## Collected material
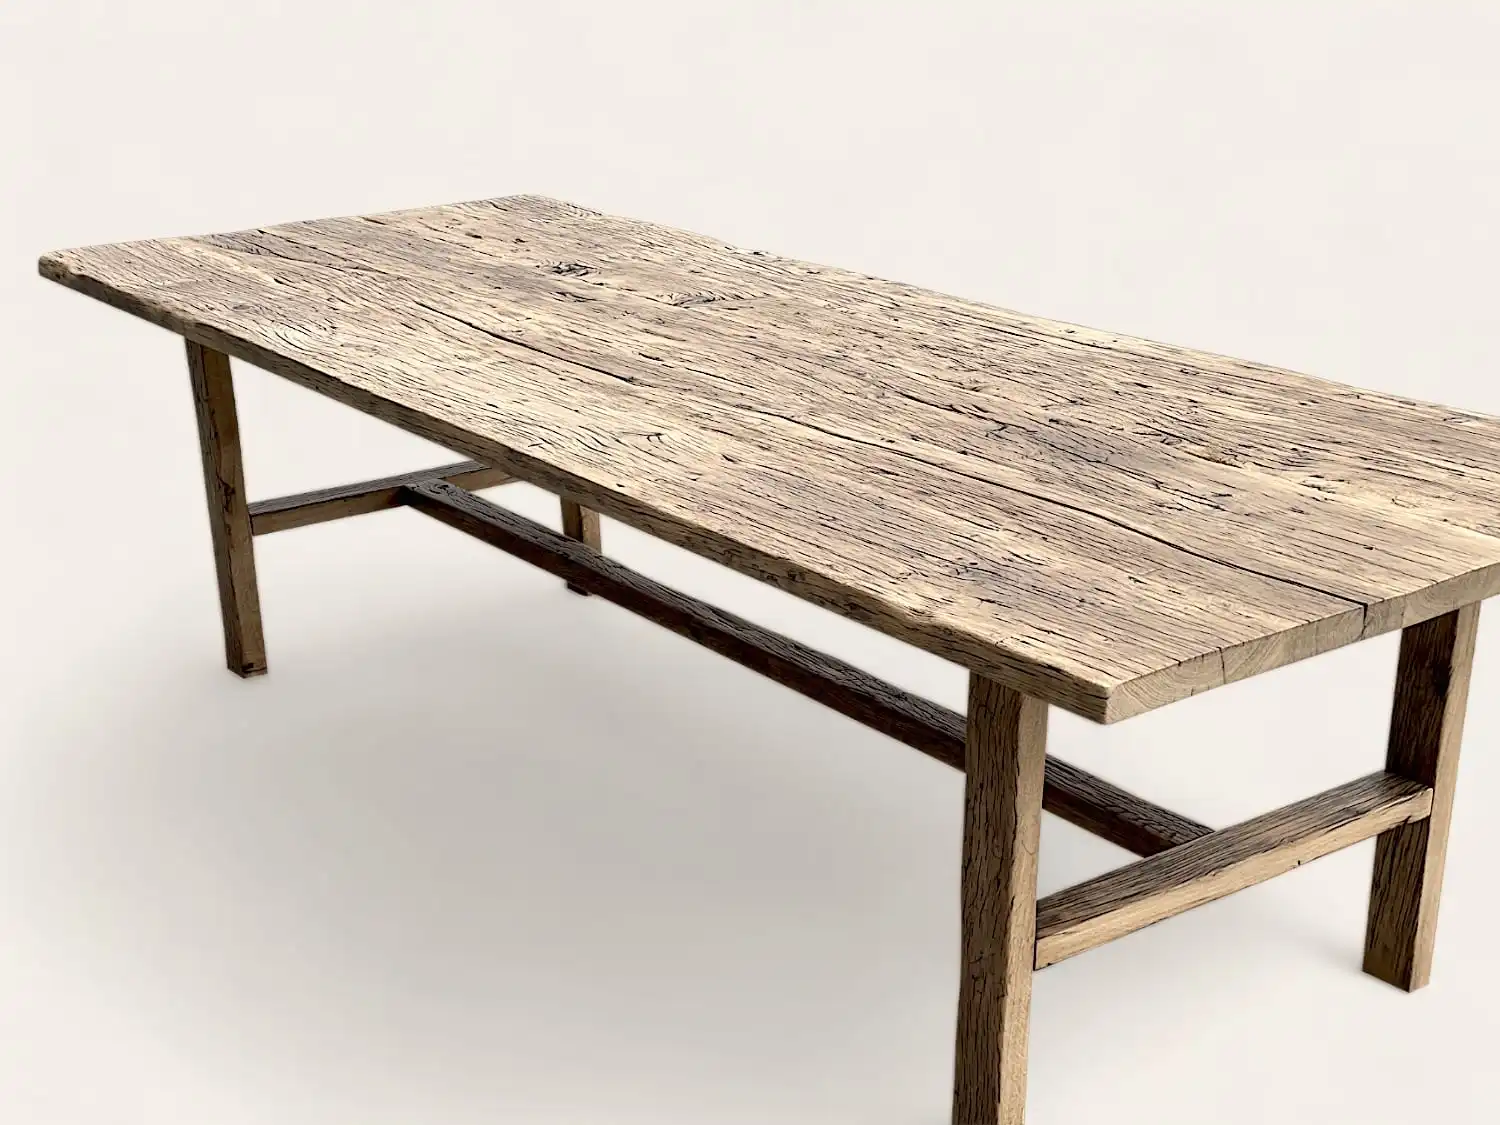 Une longue table rustique en bois Chene massif avec une surface rugueuse et texturée et des pieds robustes sur un fond uni.
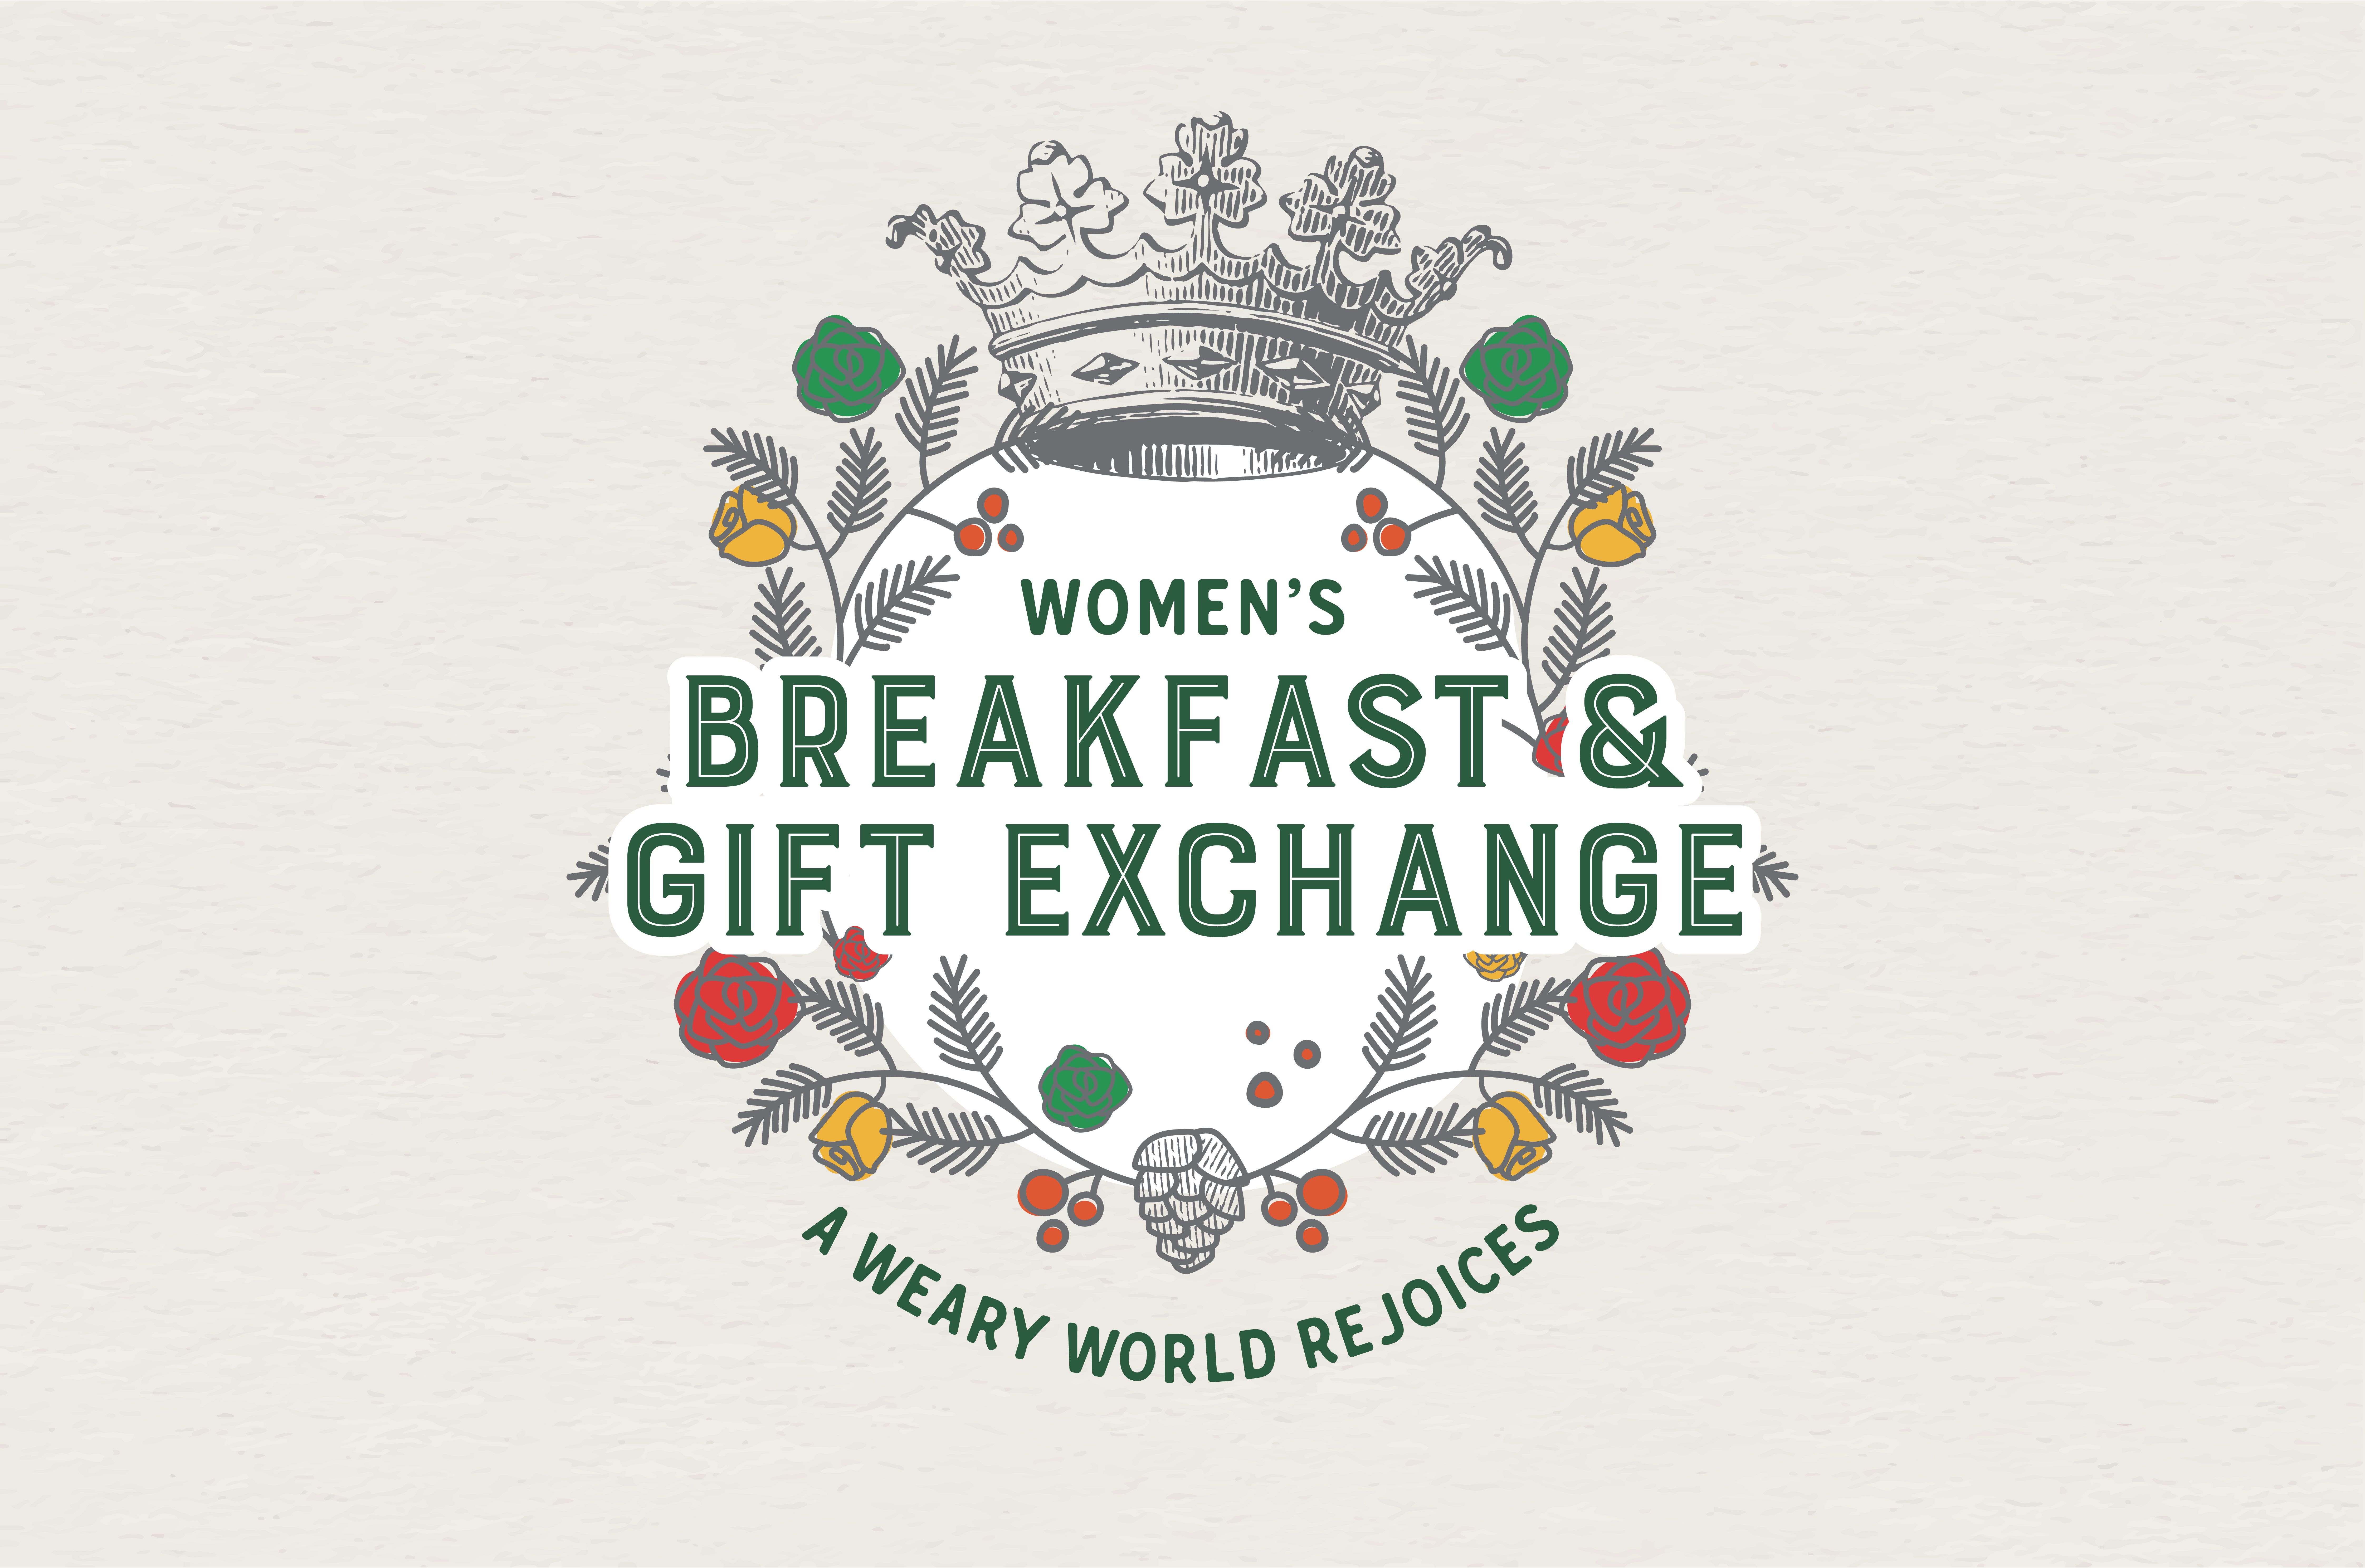 Women's Gift Exchange
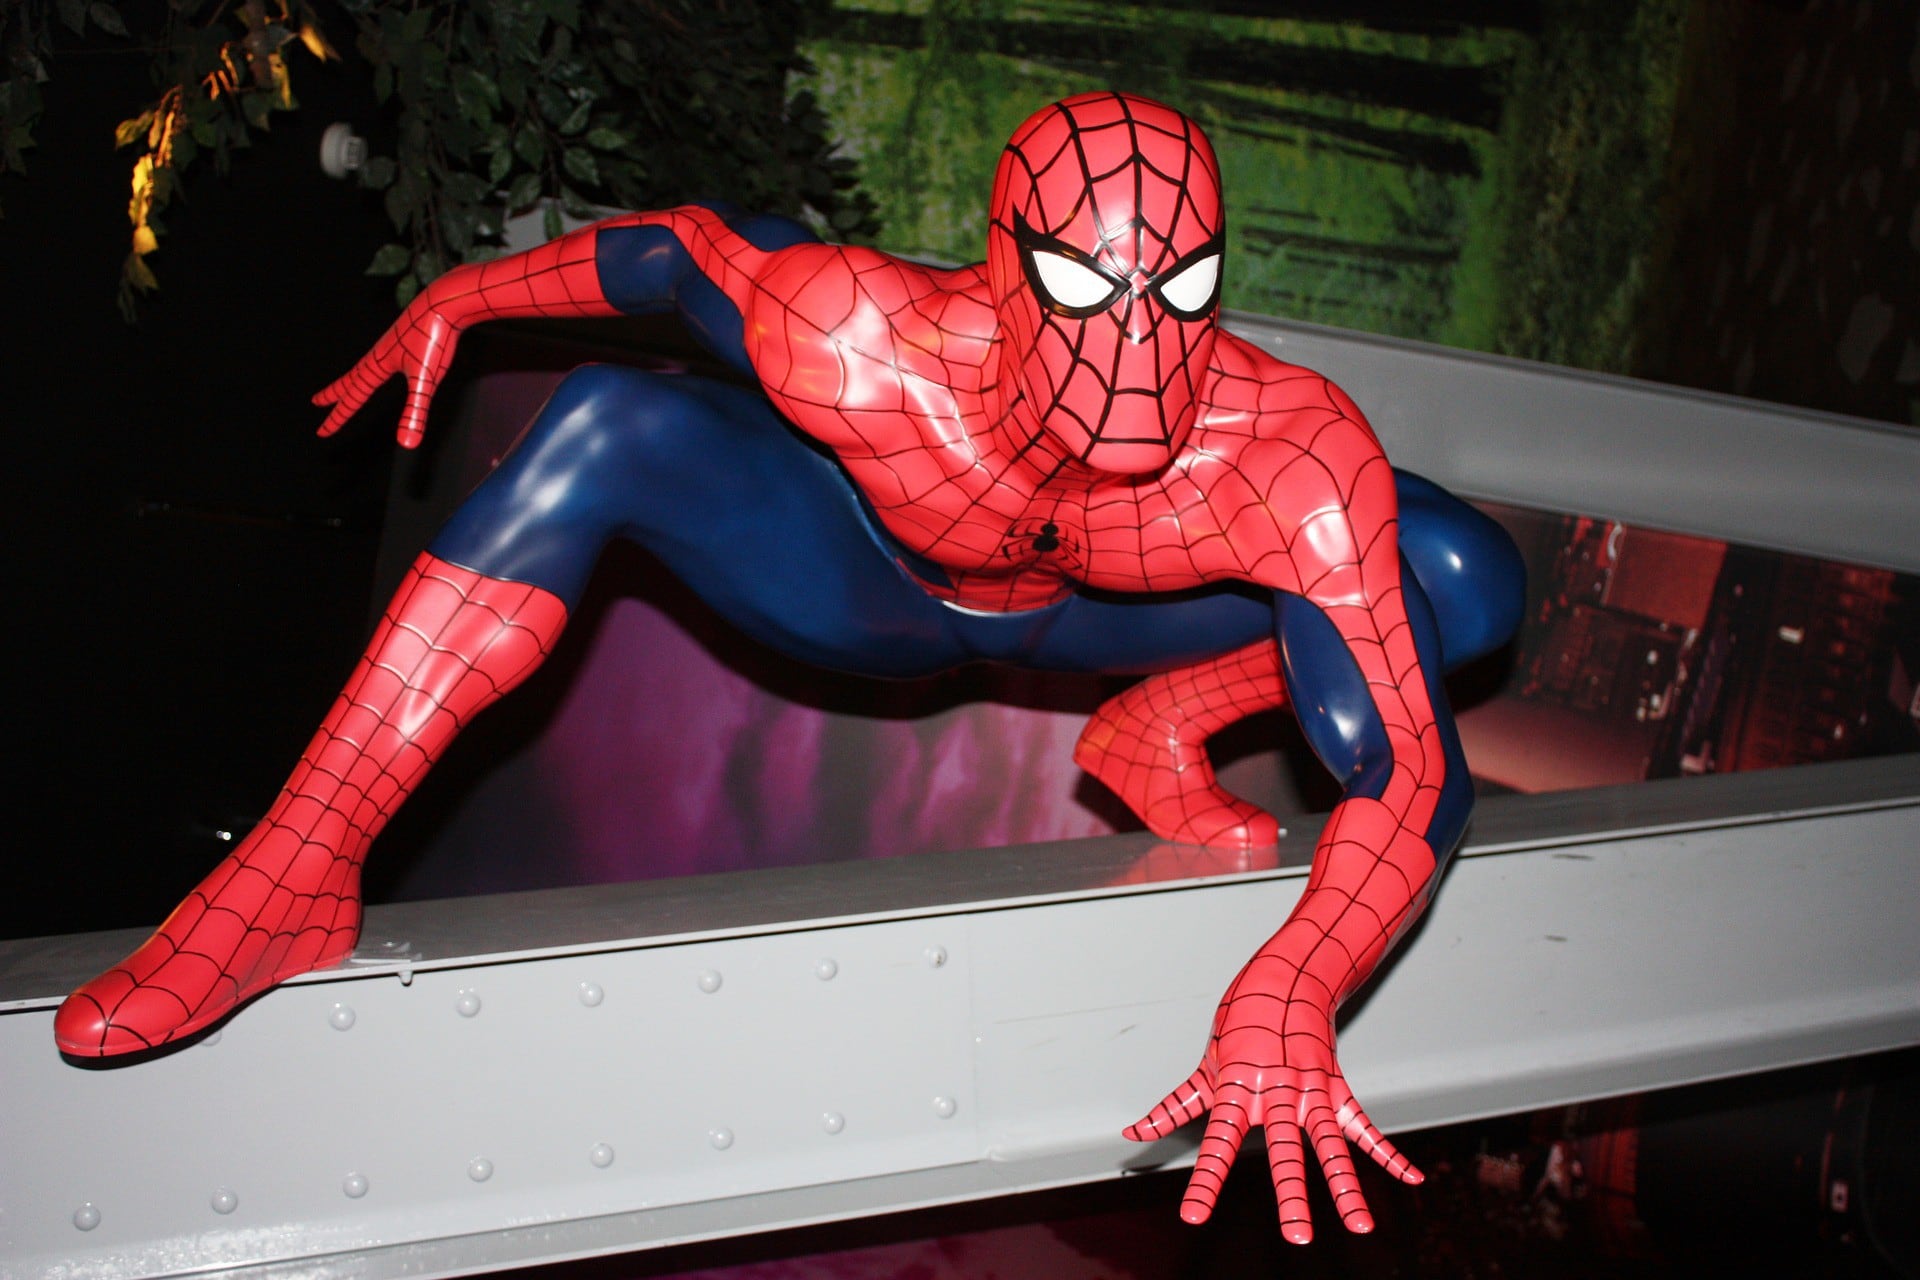 Los niños quisieron imitar a Peter Parker y convertirse en el "Hombre Araña". (Foto referencial: Pixabay)

## What you are asked to do
All of the data gets printed again exactly; the pictures do not.

## Output for this exercise
 Une longue table rustique en bois Chene massif avec une surface rugueuse et texturée et des pieds robustes sur un fond uni.
 Women's Gift Exchange
 Los niños quisieron imitar a Peter Parker y convertirse en el "Hombre Araña". (Foto referencial: Pixabay)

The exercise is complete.